I was dancing in the bleachers with one of my students today when she turned to me and said, “Ashley, you’re just like a teenager.” I smiled and said, “I hope I seem like a mature teenager,” but I was grateful that for a moment that she saw this silly dancing as part of being the work of being a teenager. Here we are, riding the bus back to Springfield, to our every day lives after experiencing something that demanded heart and courage, and these kids are belting out every pop song this incredibly gracious bus driver is indulging them in. My heart breaks for a moment when I sense how much they feel by just being and I’m grateful they are willing to share.

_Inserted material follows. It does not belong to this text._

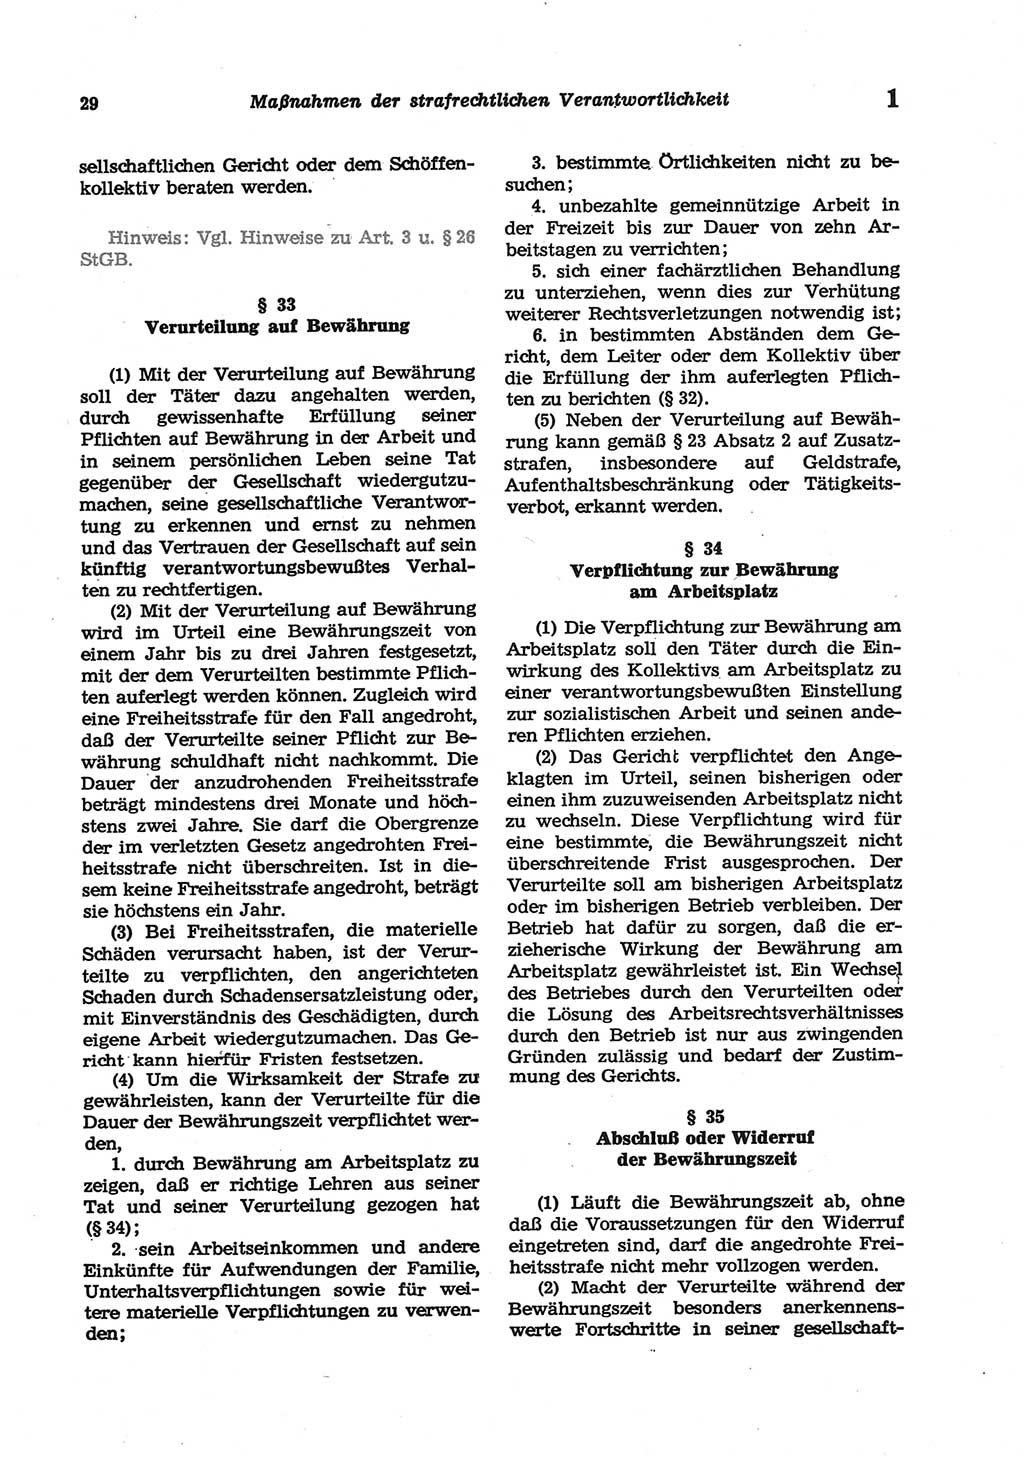 Strafgesetzbuch (StGB) der Deutschen Demokratischen Republik (DDR) und angrenzende Gesetze und Bestimmungen 1977, Seite 29 (StGB DDR Ges. Best. 1977, S. 29)

It feels important that we take time to share and enjoy each other. I’m grateful for all the kindness radiating through this chilly school bus. Thanks kids. 

Wednesday, January 2, 2013

Teaching with babes



I spent 18 months teaching with small humans growing on the inside. I found myself practicing and teaching many a shoulder stand, six step, and pirouette while dealing with a shifting sense of center. I mostly found this to be a liberating experience, which eased the physical stresses of pregnancy and allowed me to stay mentally joyful while pursuing my movement addictions. However, there was a great ecstatic rush post-partum that came from the freedom of moving without this little being pushing up against my organs.

That feeling was short-lived.

I have spent many more months teaching with small humans strapped to me growing on the outside. Instead of allowing my body to be the perfect baby carrier that it is, I have depended on front packs, backpacks, car seats, floors, and the loving hands of fellow teachers and students. Saul and Aurora have been to many an opera rehearsal, dance team practice, and salsa class all while bouncing along to the rhythms we are pursuing in attempt to make, get, and share dance in all its forms. I feel fortunate that dance and music are seemingly intrinsic loves of little humans.

Teaching with babes has its stresses. I have had many nursing sessions and diaper changes in cold parking lots. Nap time on route is key. Shoulder stands are a little harder with the Bjorn. However, the biggest challenge is learning to balance the needs of students, your infant, and your own self acting as teacher/mother.

Perhaps we as a society make this challenge more difficult than it needs to be and I believe part of why I teach with babies strapped to my chest or beside me happily observing in their car seat is to normalize babes in these settings. The reality is that many of my best classes have happened with Aurora and Saul on board. Elementary school kids see an opportunity to lead by example and high schoolers show me their more nurturing sides. Many a teacher has called the babes baby-therapy and mind you, my little munchkins are not perfect, quiet little babes but vocal creatures with their own desires. My children have also grown to know that mom shares her attention with many people and are relatively good keepers of their own space.

I am currently in rehearsals for the Opera Theatre of Weston's production of Noye's Fludde and the above picture is of me, Saul, and a few students on our Outreach Tour visiting kids school and helping prep students for their visits to the opera. I had many adventures on this tour including a car battery dying in reception-free Townsend and a day of traveling through an almost flood in the Manchester area, but the best adventure was watching kids respond so positively to the power of music and movement while inviting young Saul in on their journeys. Dancing in schools is serious business mixed with serious play and I am grateful that we can learn to make space for our most impressionable in these important learning environments.